Starting the New Day
Much of the snow did not stick to the floor but instead my hair and jacket. 😶🌫️
As someone interested in eBPF, having researched and developed some eBPF programming, I was especially excited for this convention.
Kickoff Highlights
- A dozen new Cilium case studies from CNCF!
- Cilium 1.16 Release
- netkit release (as performant as
host
network) - multicast, Gateway API 1.1 support
- Improved DNS-based netpol performance (5x reduction in latency)
- Cilium memory usage reduced by ~24%
- netkit release (as performant as
- eBPF is officially standardized under the IETF (RFC 9669)
- eBPF threat model published
- State of eBPF Report (Jan 2024)
Standout Talks
The schedule was chock-full of experience. From interesting journeys to yet another problem solved by eBPF, it was an overwhelming amount of information.
- Confluent’s Multi-Cloud Journey into Cilium
- Insightful Traffic Monitoring: Harnessing Cilium for Comprehensive Network Observability
- eBPF for Creating Least Privileged Policies
- Reinventing Seccomp for Fun and Profiles
- Exploring eBPF Use Cases in Cloud-Native Security
- Scaling Network Policy Enforcement Beyond the Cluster Boundary with Cilium
- Lessons Learned Migrating to Modern Multi-Platform eBPF Programs
How to Use XDP and eBPF to Accelerate IPSec Throughput by 400%
Fascinating to find myself following along with an experienced kernel dweller walking us through impressive gains in accelerating IPSec packet transmission by parallelizing flows.
TIL about the Toeplitz hashing method leveraged at the NIC level to distribute packets. This in turn unlocked the use of more than one core and naturally amplified throughput to unprecedented levels. I also learned that out of the box, eBPF programs will be pinned to a single core. One process, one or more threads pinned to a core. Ryan stated it is seemingly impossible to evenly distribute across multiple cores meaning sporadic bottlenecks at scale even with the gains seen here.

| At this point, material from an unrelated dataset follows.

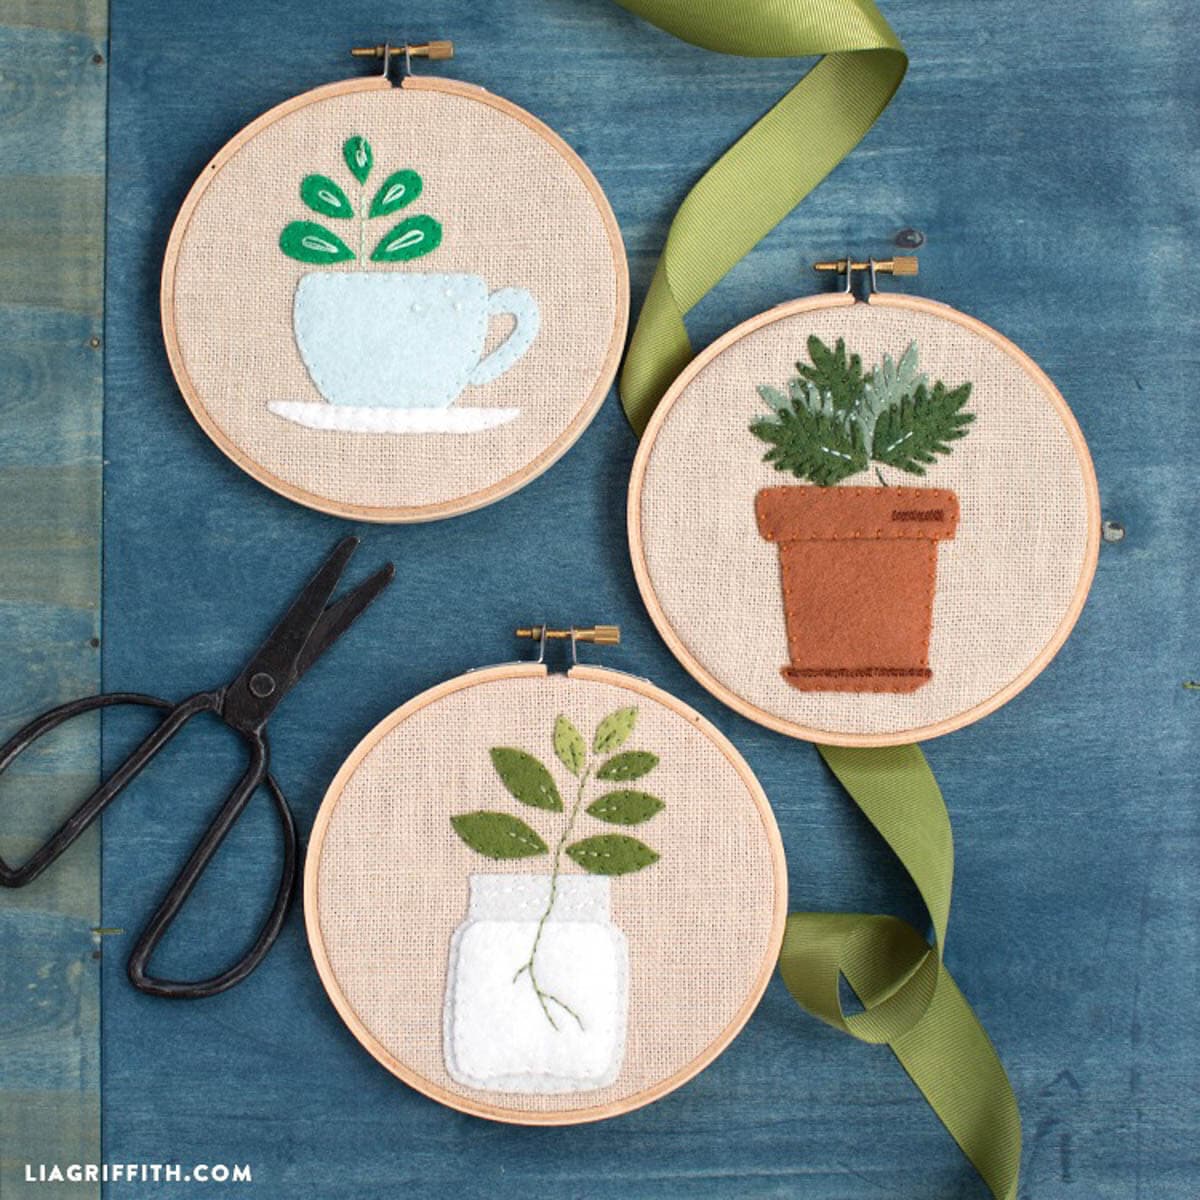 Three DIY embroidery hoops with plants pictured in felt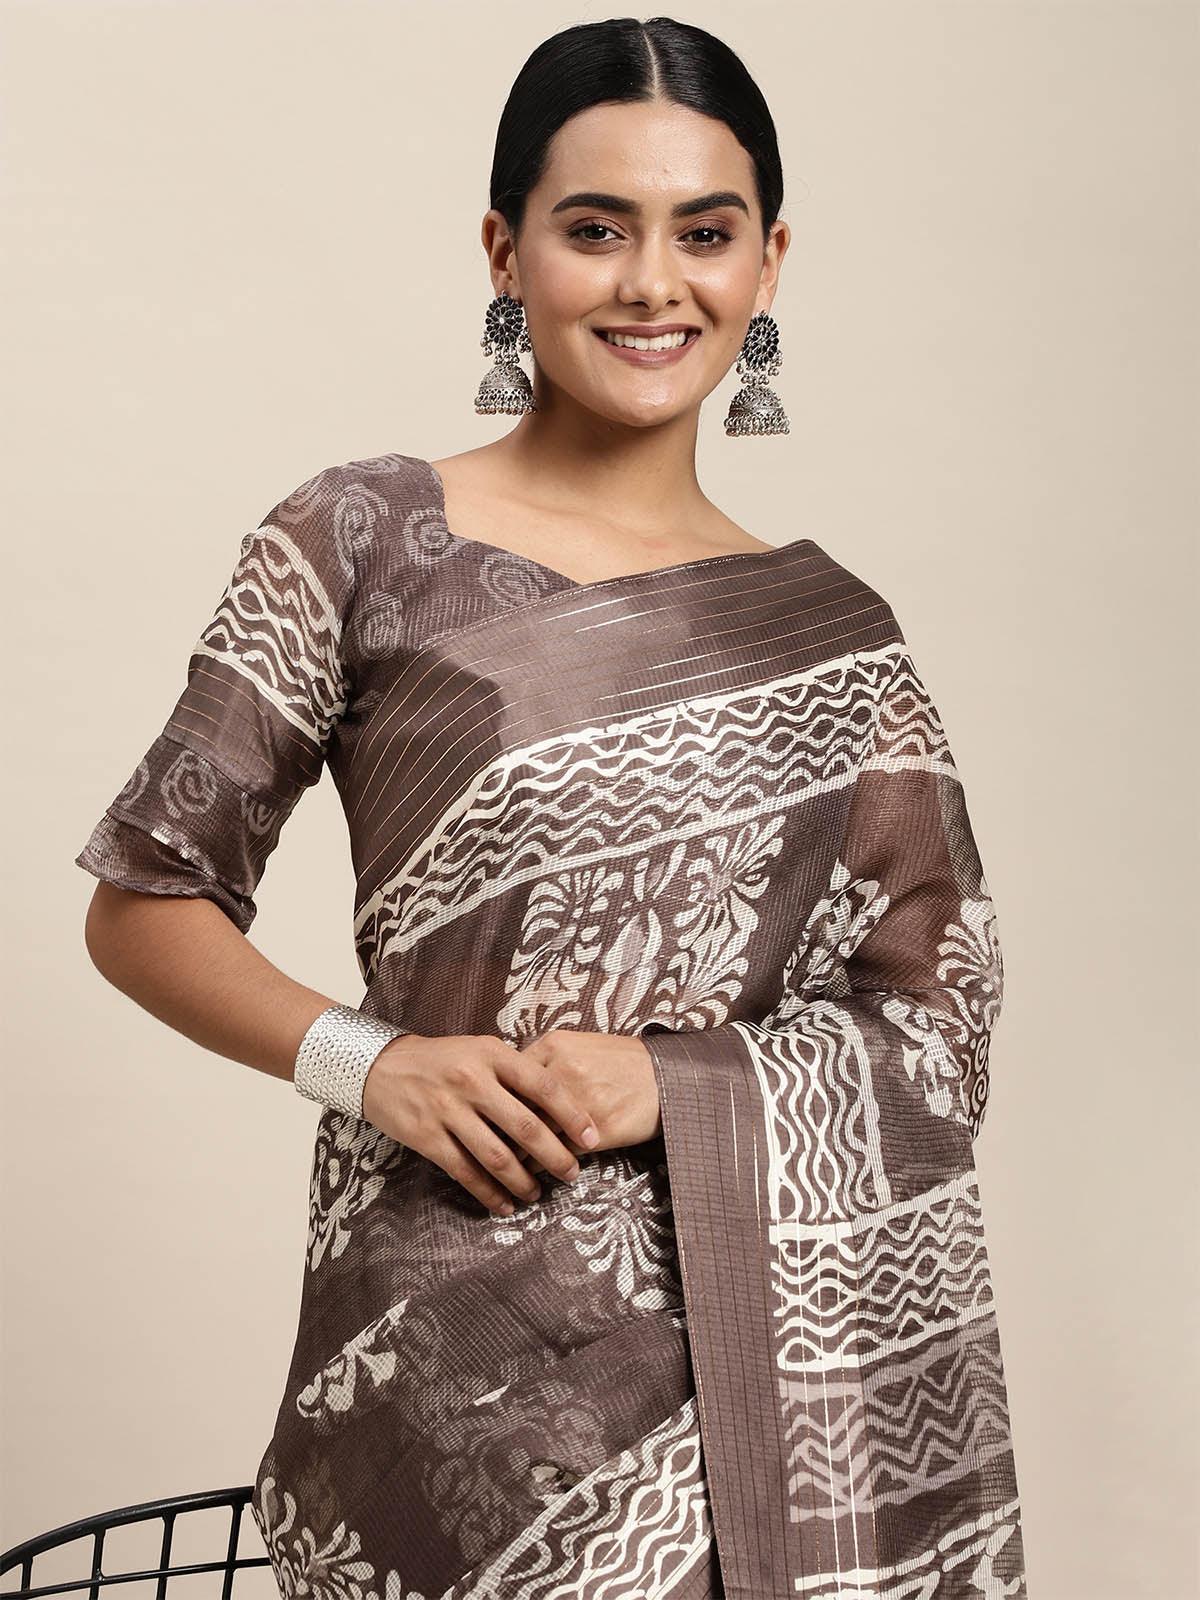 Women's Brasso Charcoal Grey Printed Designer Saree With Blouse Piece - Odette

For our rate limiter we tapped into XDP but I could see, in retrospect, that we may have suffered from the CPU pinning mentioned.
Maybe I should look at Toeplitz/RSS as well. 🤔
Duffie of Isovalent suggested a particular Slack channel worth checking out for advice and bouncing ideas.
Live Migrating Production Clusters From Calico to Cilium
The folks over at SamsungAds gave us a tour down memory lane in reliving their migration from Calico to Cilium.
I’ve experimented with k3s
and kind
, yielding mixed results. Recently, I learned about Cilium’s new feature set
supporting CNI coexistence, which promises a smoother and more coordinated transition–perhaps signaling the end for
Multus? 😏
As part of their demo:
- Cilium was deployed via helm chart in the per-node configuration
- An existing Calico node was cordoned, drained and labeled to set Cilium as default CNI
- Cilium on target node restarted to initiate proper takeover
- Validate with
cilium status
- Uncordon, restart node workloads (so Cilium can manage)
- Rinse and repeat
The demo was surprisingly straightforward. And then the other shoe dropped. ~20 clusters, multi-tenant, ranging from 10 to 500 nodes per cluster, no network policies. 😒 Figured they may have been using Kubernetes native network policies and the steps taken were sufficient but surely not.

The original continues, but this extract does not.